Provider Overview
Advanced Health Network and Recovery Health Solutions, operating in affiliation.
AHN/RHS is an independent practice association (IPA) and behavioral health network that comprises 46 New York State licensed agencies that provide comprehensive community-based services to individuals and families throughout New York City and Nassau and Suffolk counties. The providers in the AHN/RHS network share a goal of improving the health and wellness of individuals experiencing behavioral health disorders, which are often further complicated by medical and social determinants of health issues. AHN/RHS is dedicated to improving immediate access to quality care and empowering individuals to better manage their health and healthcare needs. AHN/RHS supports a person-centered, integrated healthcare model that focuses on early detection, prevention, and treatment with the goal of avoiding unnecessary emergency department visits and hospital admissions, by connecting patients to integrated routine care.
Challenges that needed to be solved
Individuals are utilizing the emergency department (ED) to address primary care and behavioral health needs that could better be addressed in the community. In New York State in 2019, almost half (48%) of ED visits were for non-emergent and primary care needs or were otherwise avoidable. At the same time, hospital resources are strained, in part due to treating individuals whose needs could be better met in the community. This problem presents an opportunity for community behavioral healthcare providers to better coordinate care and improve individual health. Actionable, measurable data can be used to enable this effort.
Barriers
Behavioral health providers lack access to data tools providing actionable, measurable information essential to meet the needs of their patient populations. The resulting information gap imposes an administrative burden on staff, who must track data manually and rely on self-reported information from patients. Even if such data tools were accessible, behavioral health providers do not have dedicated project management staff to improve clinical and operational workflows and workforce development. Due to the lack of complete, timely, and actionable data, providers may be unaware that a patient is repeatedly visiting the emergency department, and such patterns of behavior may go unidentified and unresolved.
Solutions
In partnership with the Bronx Regional Health Information Organization (Bronx RHIO) and individual behavioral health network providers, AHN/RHS developed a suite of data analytical tools that identify patterns, trends, and insights to inform care delivery interventions and support providers and patients. These tools are intended to improve patients’ engagement in medical, mental health, and substance use disorder treatment and address social factors that may impact patients’ health. They can also be used to inform quality improvement initiatives to develop workflows that support equitable, high-quality, patient-centered care.
To support AHN/RHS network providers in implementing the suite of data analytical tools, AHN/RHS partnered with Primary Care Development Corporation (PCDC) to offer coaching. The coaches engaged providers in establishing workflows for utilizing ED Alerts and ED Patient Registry tools. Workflows for utilizing the ED Follow-up Report are forthcoming as funding becomes available.
Results
The goals for developing and testing the data analytical tools were to:
Engage patients in their behavioral health treatment, including referrals and linkages for primary care and social care services.
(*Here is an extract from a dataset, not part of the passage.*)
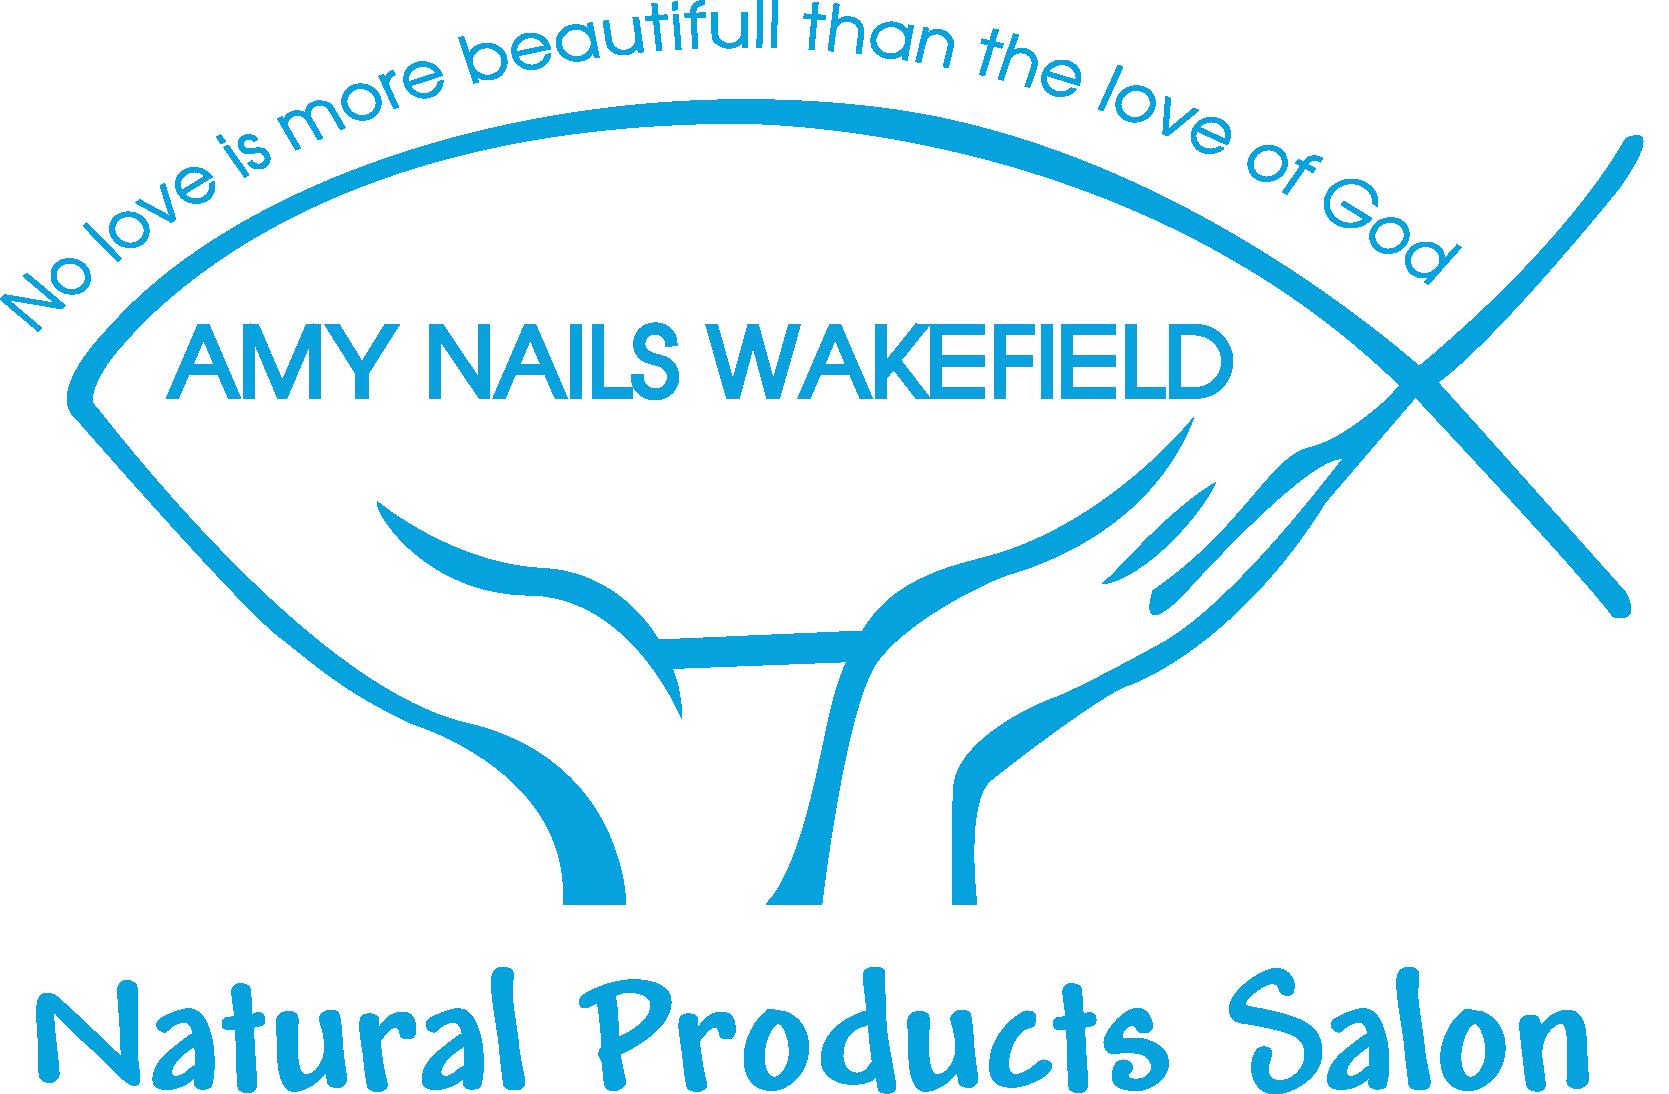 Nail Salon 27614 | Amy Nails | Raleigh, NC 27614

Prevent and reduce avoidable ED utilization by coordinating care to improve quality of life.
Utilize data to demonstrate the impact of engaging individuals in comprehensive care treatment plans, including improvement in the overall cost of healthcare.
Demonstrate the value of transitioning from a fee-for-service payment model to a value-based care model that supports adequate reimbursement for comprehensive behavioral health services.
One provider in the AHN/RHS network reported that use of the ED Alert tool led to a 62% increase in overall outreach to patients, other than for scheduled appointments, from May to September 2023. Follow-up visits within seven days of an ED visit increased by 16% during the same period, and 67% of patients who received outreach remained active in treatment one month after their ED visit. Staff reported discussing a patient’s ED visit in follow-up appointments in 79% more cases than at baseline.
Another AHN/RHS network provider reported that their patients’ 30-day ED readmissions decreased from 66% in January 2021, to 42% in September 2023 following the implementation of the data analytical tools. Patients receiving a follow-up call within 24 hours of an ED visit increased from 0% in January 2021, to 90% in September 2023. The remaining 10% of patients received a follow-up call within 48 hours of an ED visit. Patients expressed gratitude for the follow-up calls they received after an ED visit.
Future Plans
AHN/RHS and its network providers will continue their work with the ED and Inpatient (ED/IP) Alerts, and with developing patient registries. With continued investment, they will look to enhance and optimize data capture, quality management, and data monitoring along with performance reporting supported by workflow redesign. This will involve:
Collaboration with the SHIN-NY and Qualified Entities to capture accurate medical diagnosis data from hospitals, primary care data in support of integrated care, and emerging social determinants of health data via the approved Social Care Networks (SCNs).
Collaboration with PCDC to support AHN/RHS providers with ongoing investments in workflow redesign, optimizing the implementation and use of ED/IP alerts and patient registries with focused community- and evidence-based best practices.
Continual investment in performance reporting for providers, NYS, health plans, and funders.